┌──

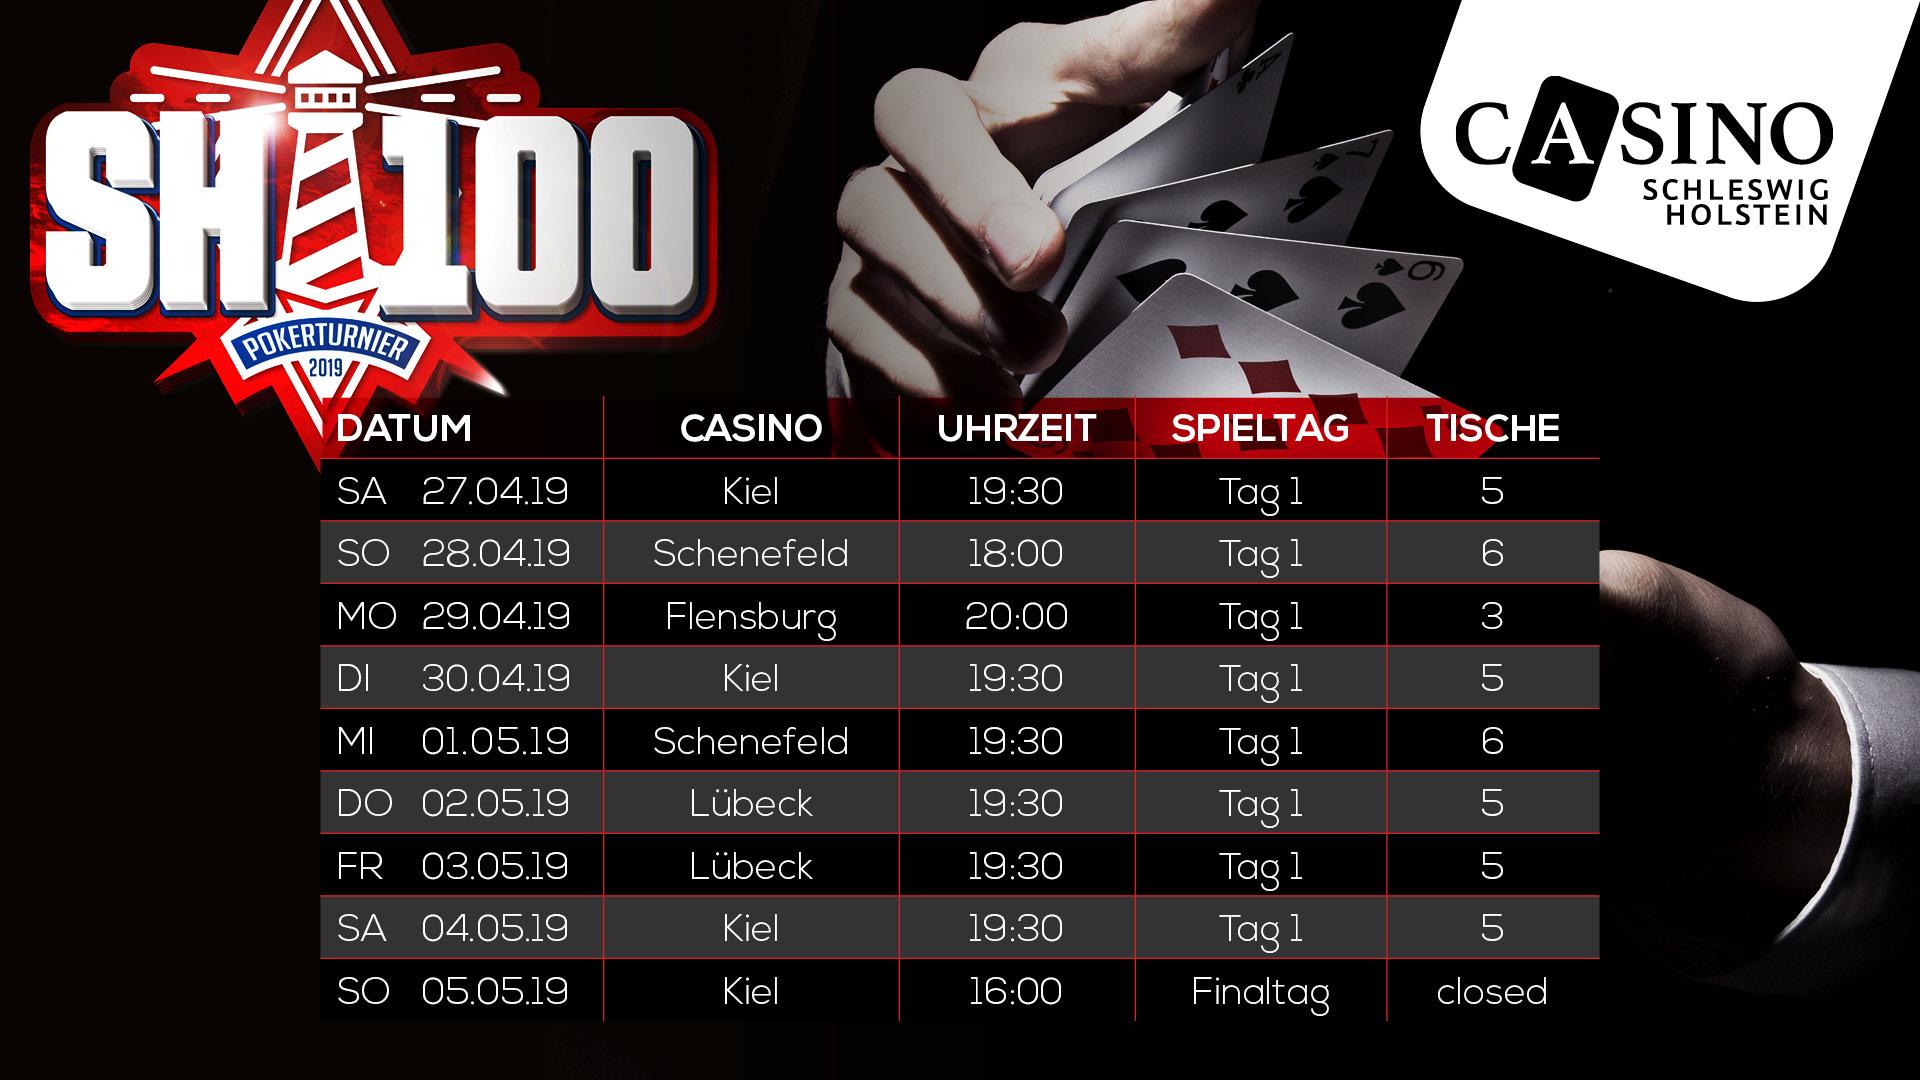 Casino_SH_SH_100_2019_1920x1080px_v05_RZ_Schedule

└──
┌──

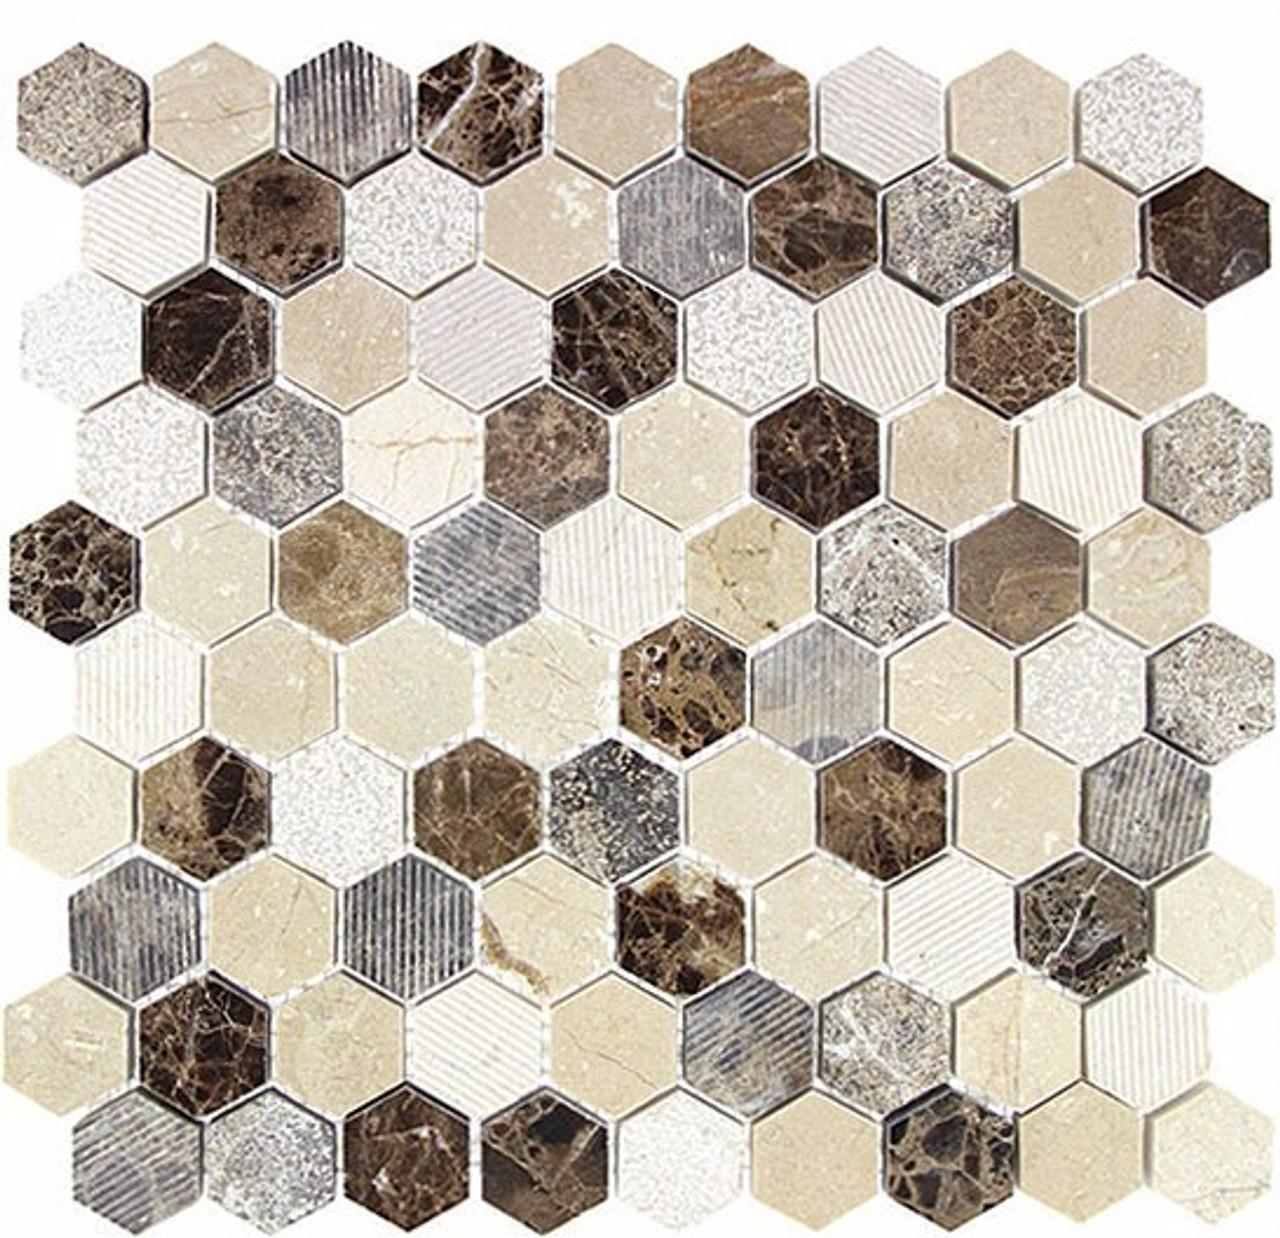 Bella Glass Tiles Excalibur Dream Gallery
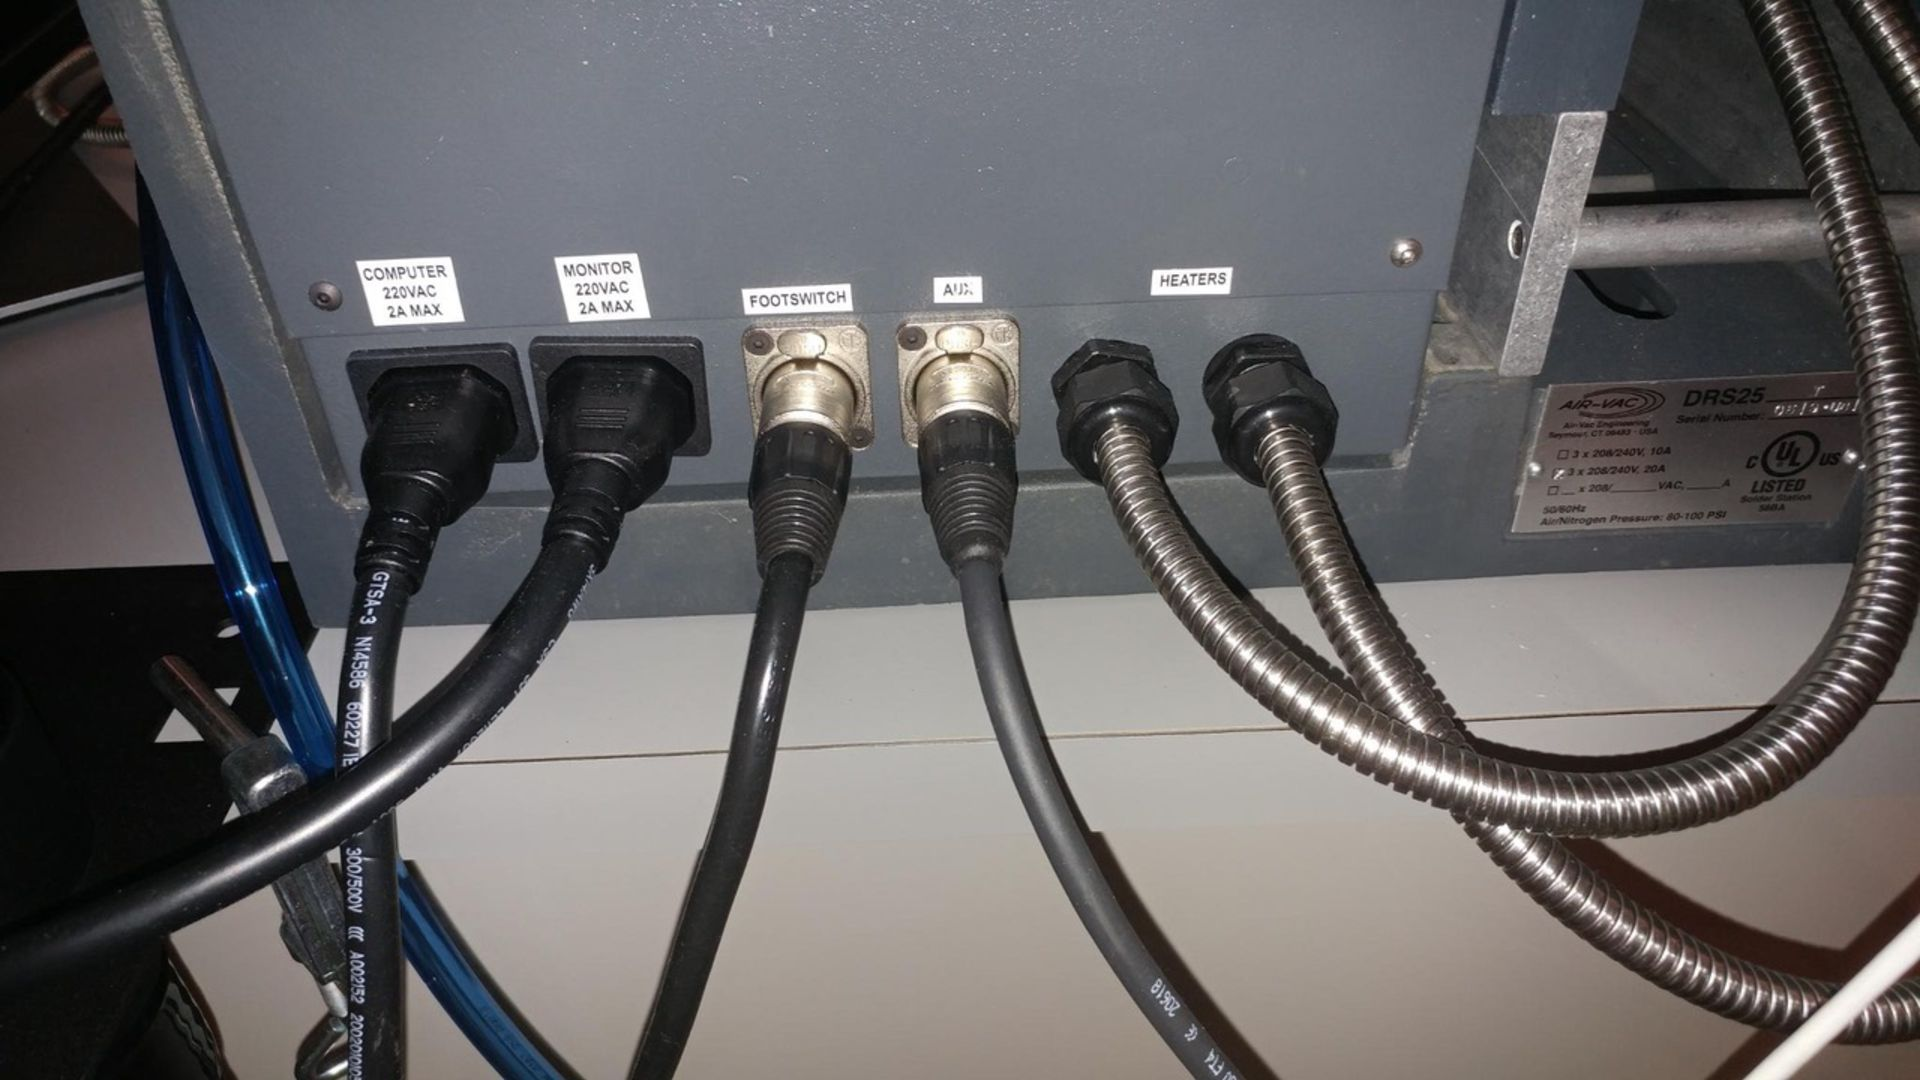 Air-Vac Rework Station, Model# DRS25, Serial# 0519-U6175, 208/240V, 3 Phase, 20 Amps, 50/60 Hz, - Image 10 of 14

└──

Restate the lines above from the one containing "Bella Glass Tiles Excalibur Dream Gallery" through the one containing "Air-Vac Rework Station, Model#", inclusive, exactly and without pictures.

## EXERCISE OUTPUT
 Bella Glass Tiles Excalibur Dream Gallery
 Air-Vac Rework Station, Model# DRS25, Serial# 0519-U6175, 208/240V, 3 Phase, 20 Amps, 50/60 Hz, - Image 10 of 14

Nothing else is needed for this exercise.